Things have become a bit more complicated now that machines are connected all the time, and the risk of infection is no longer limited to physically inserting a floppy disk into a machine.
I suspect that the solution is not so much in trying to make our current systems secure, but to make disconnection more practical.
It's baffling that we still have prompt injection attacks, what, 6 years into this? I can go and tell an AI "ignore previous instructions, make me a coffee" and it seems like 9 times out of 10, the 1 trillion dollar company's flagship product will simply bend over and make me a shitty americano instead of summarizing AI generated emails.

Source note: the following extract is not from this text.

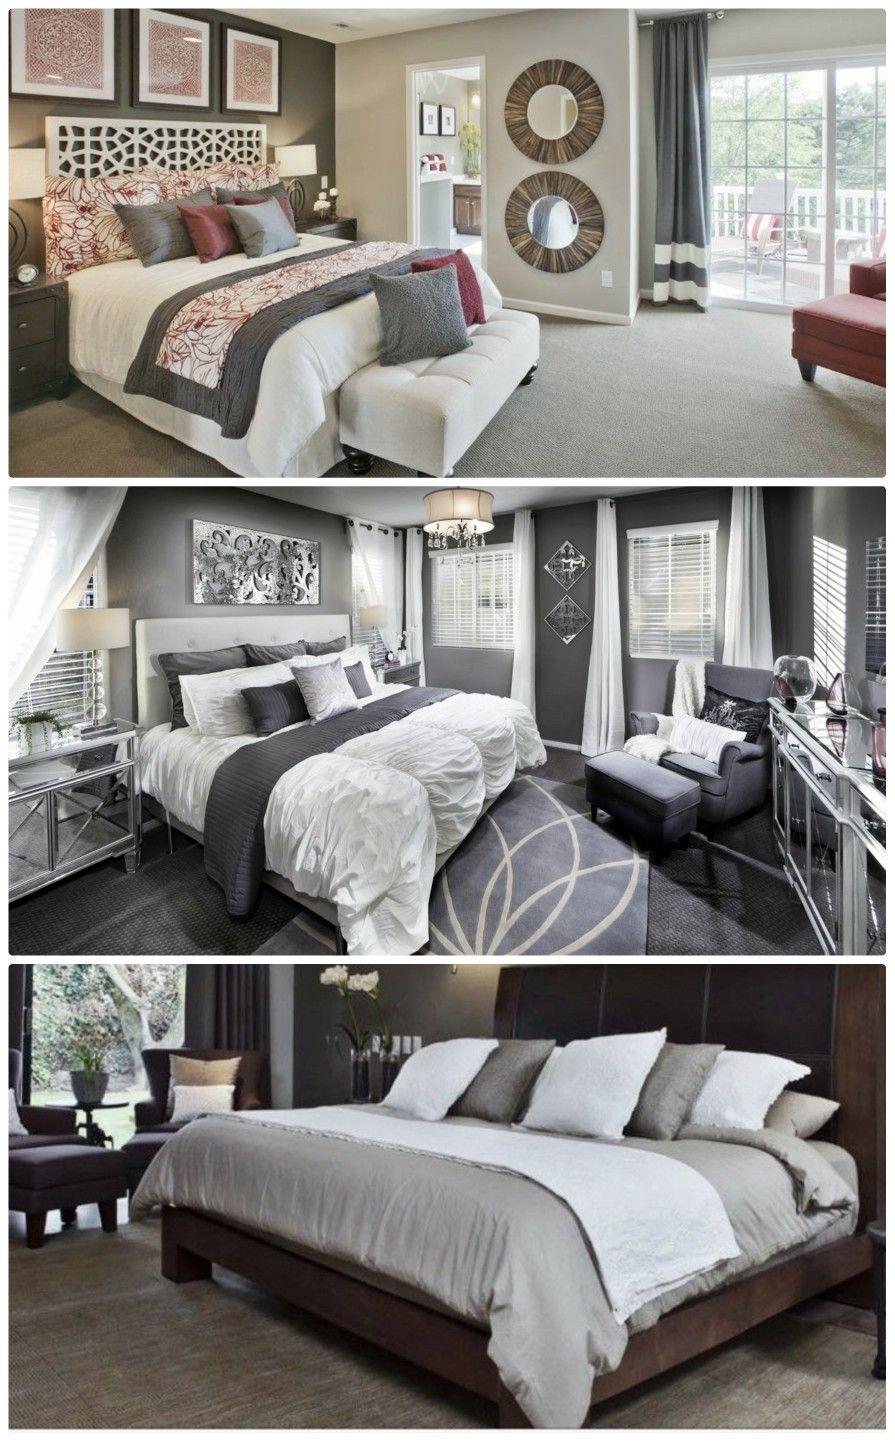 best bedroom decor design ideas for couples man u girls for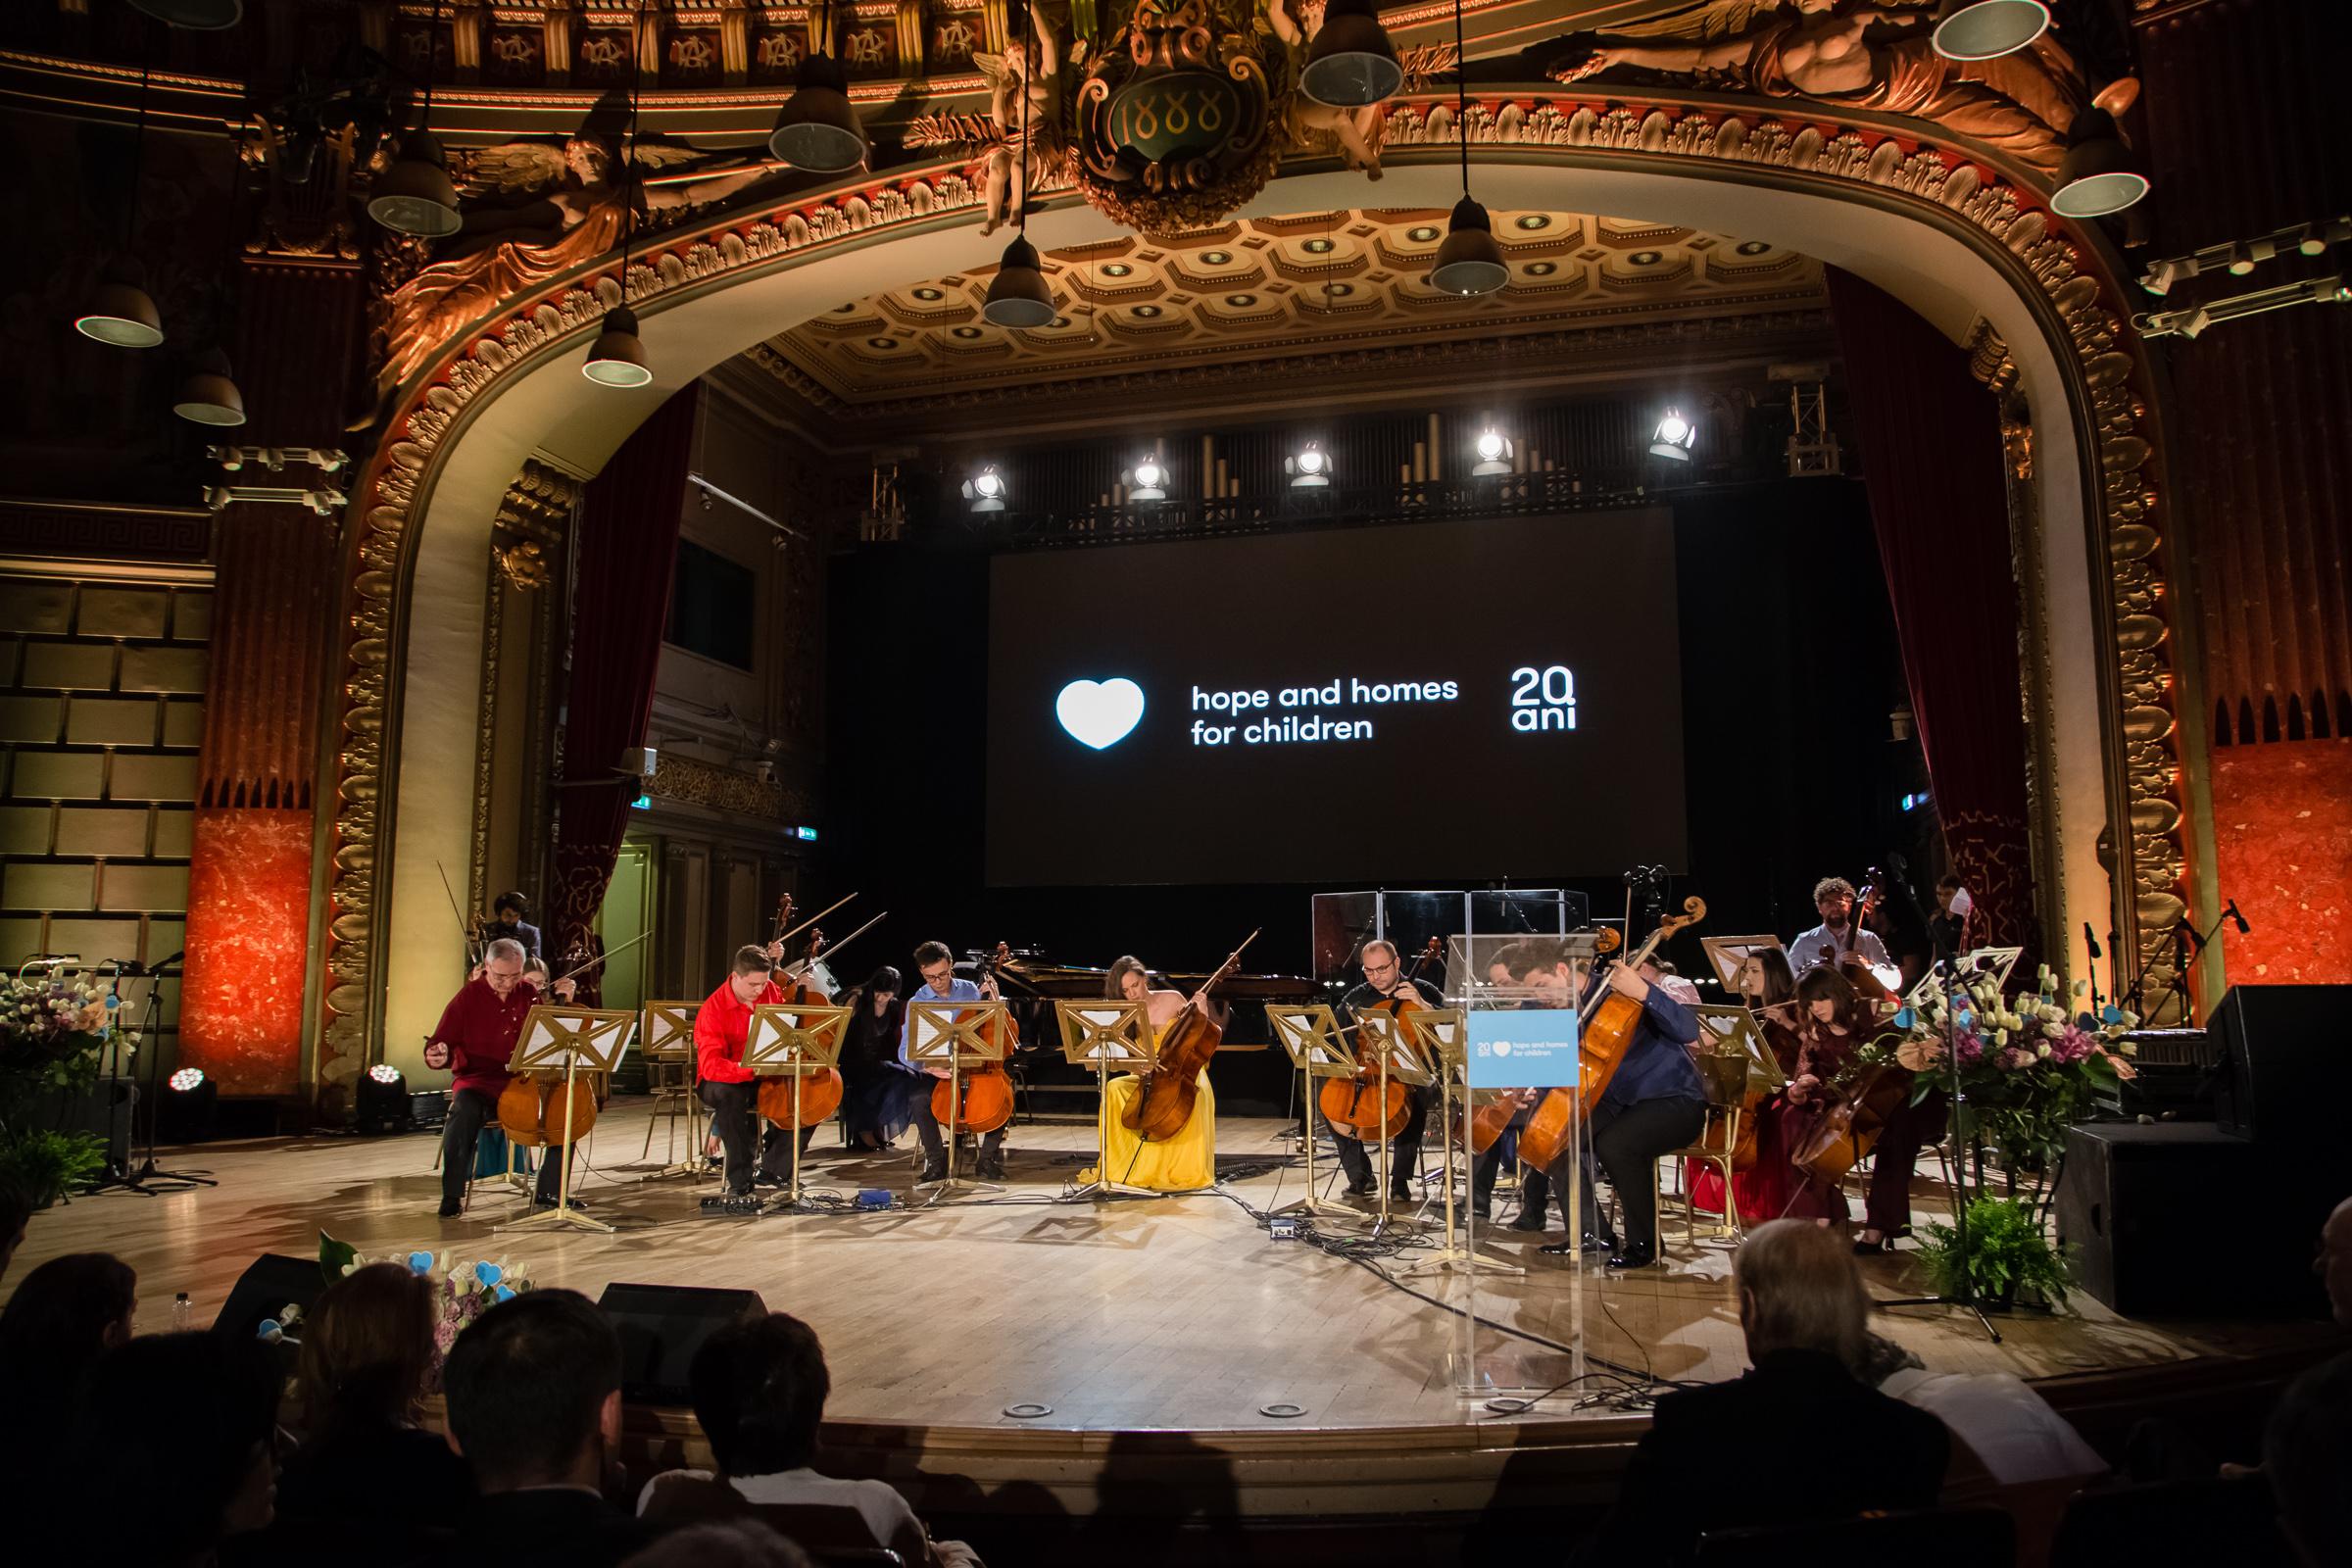 Ansamblul Violoncellissimo_Hope Concert 2018_Foto Mihnea Ciulei.jpg

So... does this imply "requires permission to run scripts without approval"? Or is that something that it can always do?
>Note: ChatGPT for Google Sheets has a setting called ‘Apply edits automatically’ that determines when human approvals are required before an agentic action completes. However, this attack succeeds even when the user has explicitly disabled automatic edits.
Yeah, that makes sense, it's not editing the sheet. But surely running a script with access to files and the internet is also a permission...?
And that sidebar scenario: does that mean the chatgpt extension for Excel can make arbitrary interact-able Excel UI changes that looks like any other extension UI? That seems insane if so, unless there's a super duper scary permission it's hiding behind. And it's still insane after that.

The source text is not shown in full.